Mixing 1kgNaBH4Suspended in 4.5L of water, pumped by a slurry pump into the second mixer 16 at a flow rate of 19mL/min, set the temperature of the second mixer 16 at 50 ℃ and a retention time of 120 seconds, and then passed into the second reactor 17 (baffled reactor), the reaction temperature was 50 ℃ and the retention time was 4 minutes.
10% hydrochloric acid was pumped into the third mixer 18 with the structure at a flow rate of 77mL/min, while n-propanol was pumped into the third mixer 18 at a flow rate of 220mL/min, and after mixing, the mixture was passed into an oil-water separator for liquid separation. Concentrating and desolventizing the organic phase to obtain the target compound hydroxypropyl pyranotriol (shown in formula I), wherein 3.53kg of the product is transparent oily matter with the purity of more than 99 percent and the yield is as follows: 87 percent and the isomer ratio is less than 1 percent.
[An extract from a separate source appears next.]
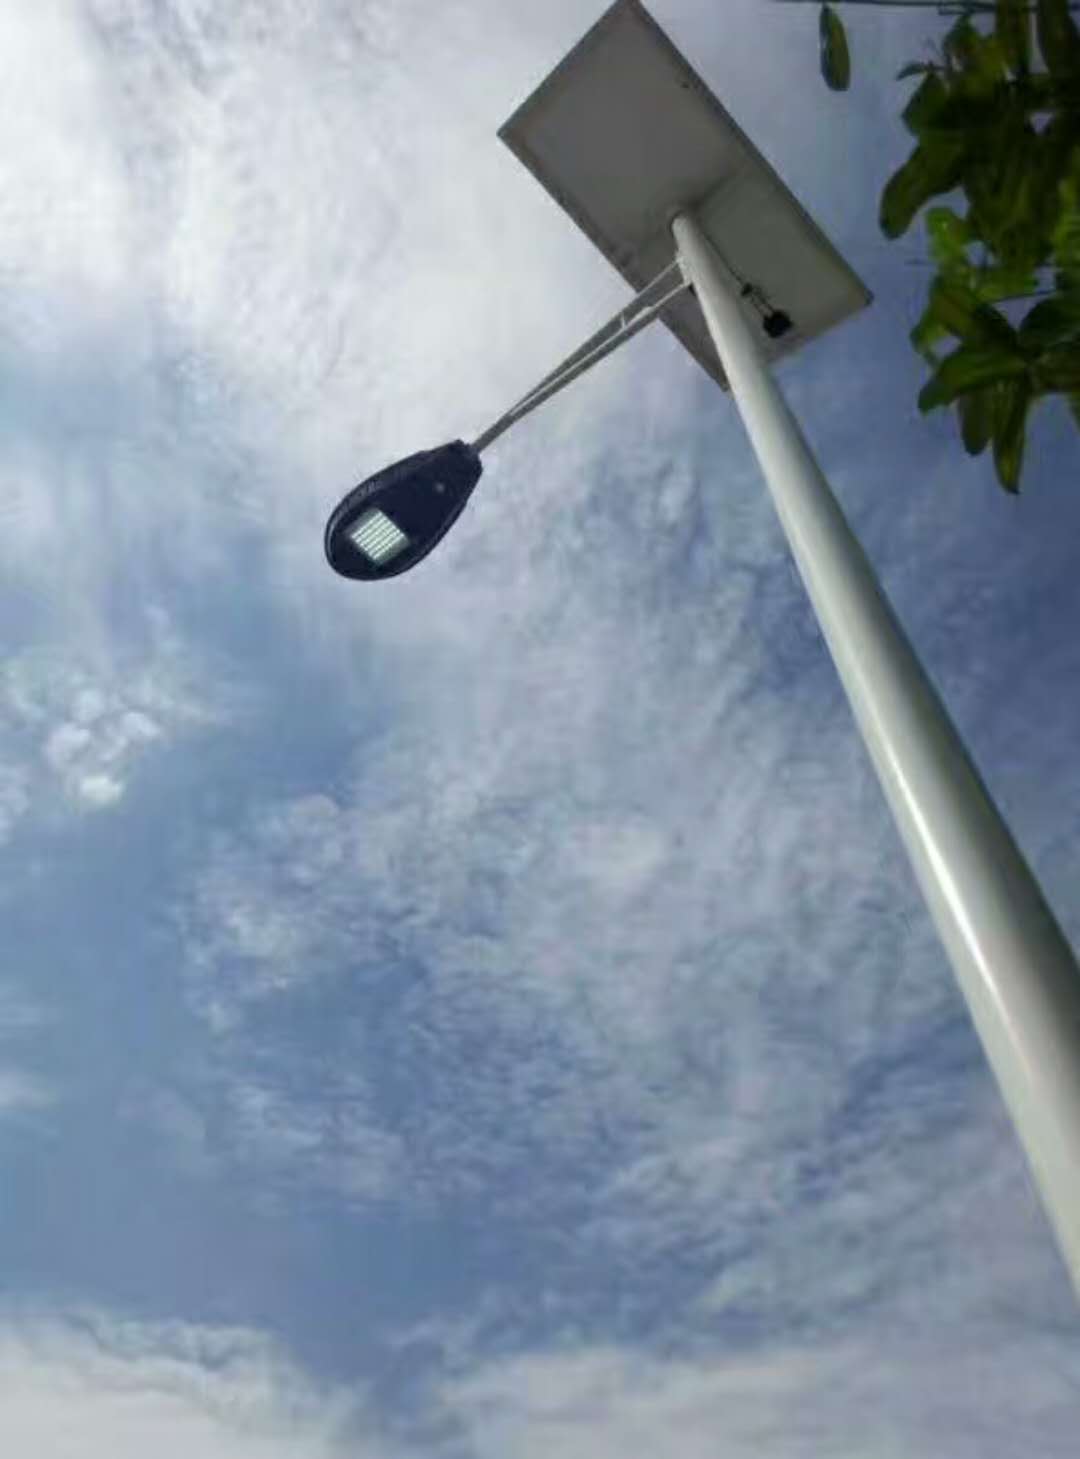 河南省南陽市88套農村太陽能路燈工程完工啦!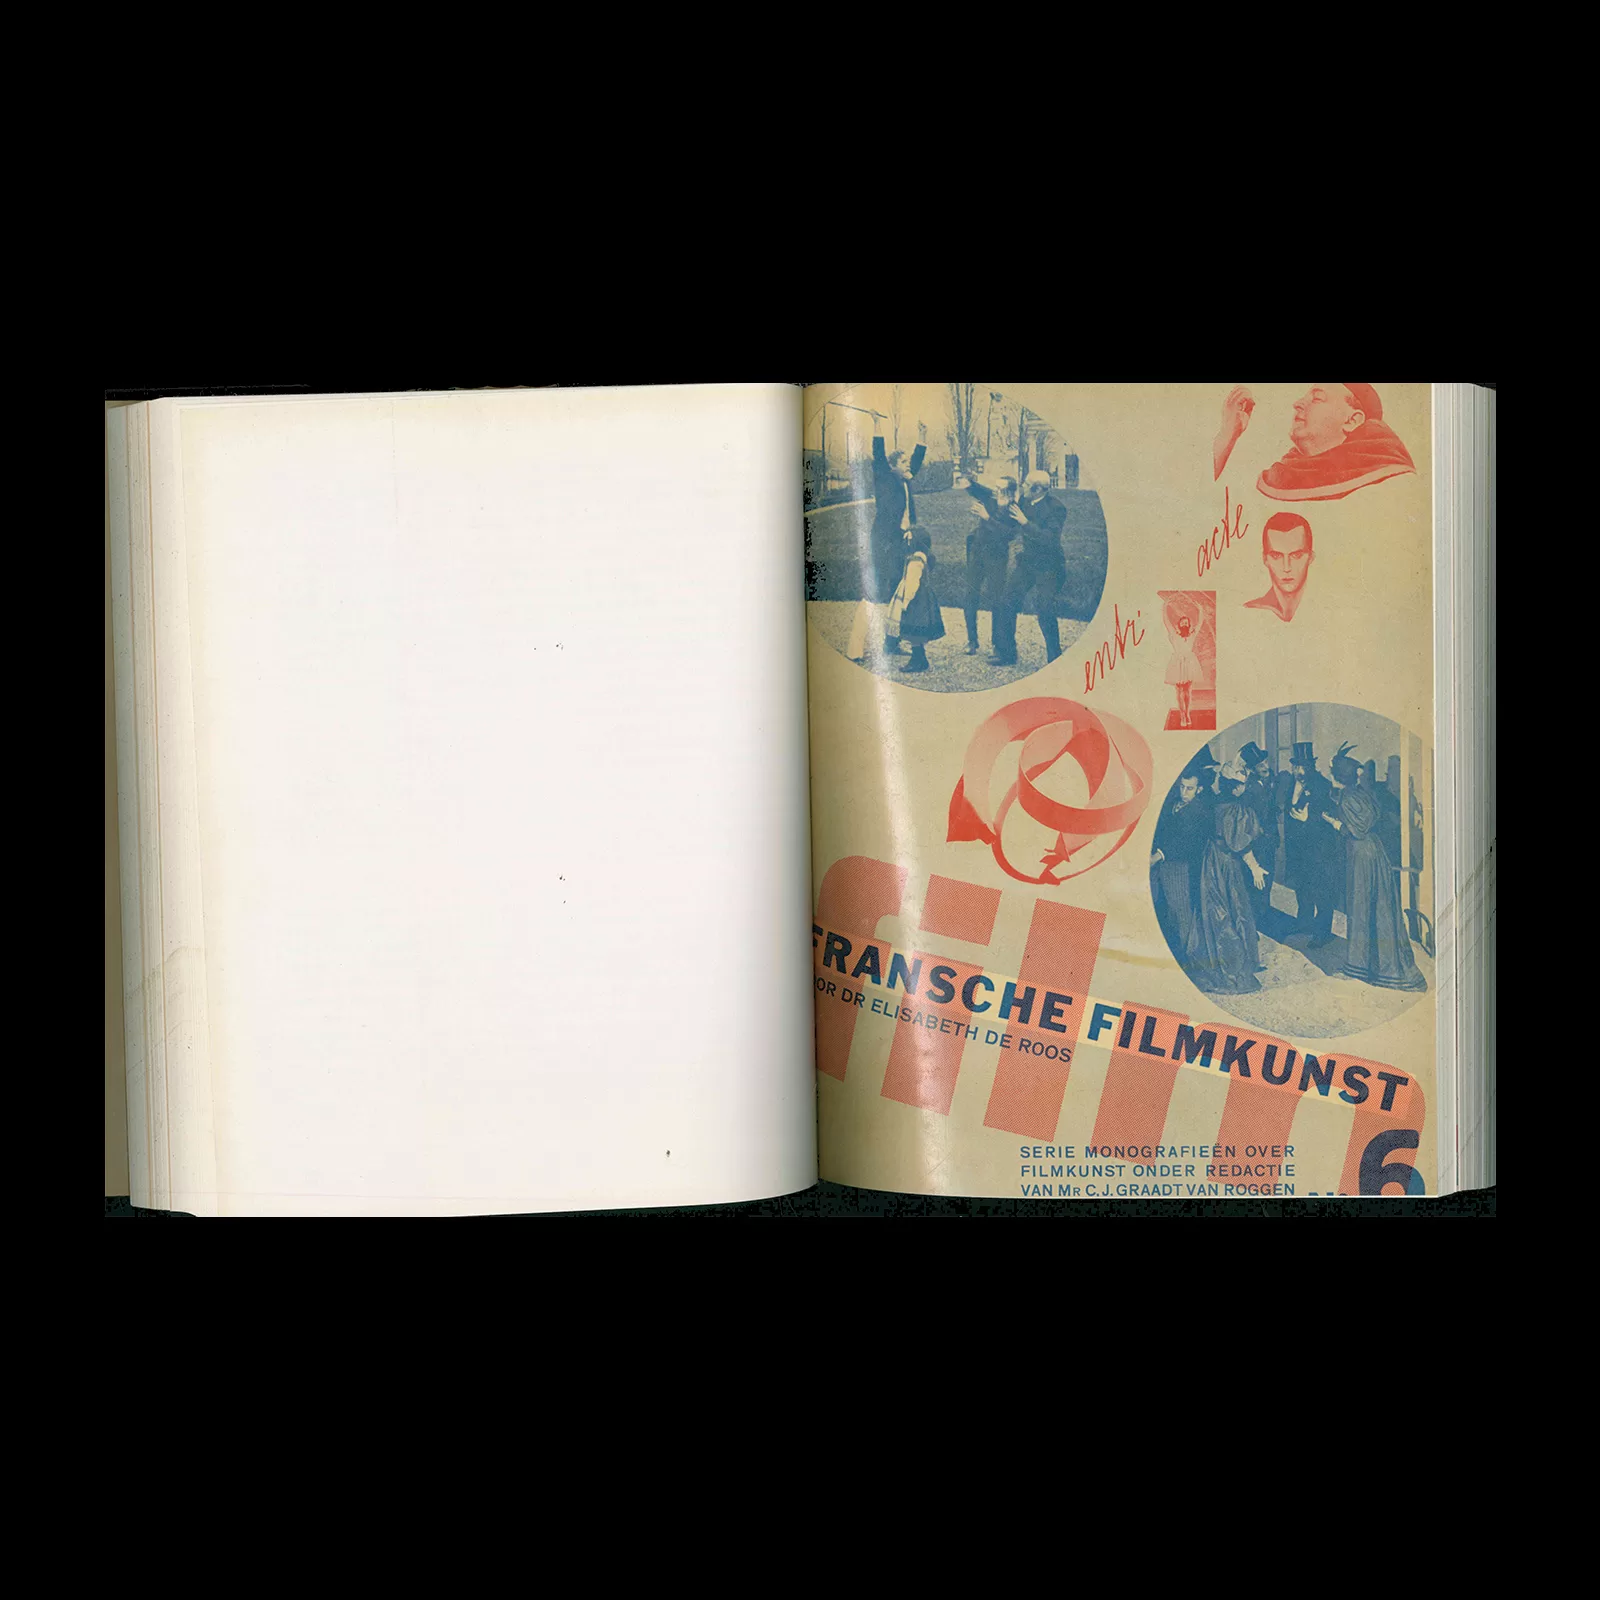 Film, Monografieën over filmkunst, 1-10, Uitgeversmaatschappij, 1931 – 1933. Designed by Piet Zwart

As shown in fig. 2, the HPLC profile of hydroxypyratriol prepared in example 2 shows relative retention times RT-2.261 min for 1, 4-butanediol, RT-4.881 min for D-xylose, and RT-5.788 min for the desired target configuration.
Example 3
As shown in figure 1, the synthesis method for preparing hydroxypropyl pyranotriol by continuous flow comprises the following steps:
3 kgD-xylose (formula II compound) was dissolved in 28L water, and stirred for 15 minutes to completely dissolve D-xylose, thereby preparing phase A of the reaction solution. 3.31kg of potassium carbonate was dissolved in 10L of water to prepare a reaction solution B phase. 3.12kg of ethyl acetoacetate was dissolved in 8.3L of n-butanol to prepare a reaction solution C phase. Respectively setting the flow rate of the phase A to be 150mL/min by using a plunger pump; the flow rate of the phase B is 40 mL/min; the flow rate of the C phase is 44 mL/min; is constantly pumped into the first mixer 14 at a set flow rate and then into the first reactor 15 (microchannel reactor), the reaction temperature being set at 125 ℃ and the retention time being 40 seconds.
Adding 0.98kgNaBH4Suspended in 4.5L of water, pumped by a slurry pump into the second mixer 16 at a flow rate of 19mL/min, set the temperature of the second mixer 16 at 50 ℃ and a retention time of 120 seconds, and then passed into the second reactor 17 (baffled reactor), the reaction temperature was 50 ℃ and the retention time was 4 minutes.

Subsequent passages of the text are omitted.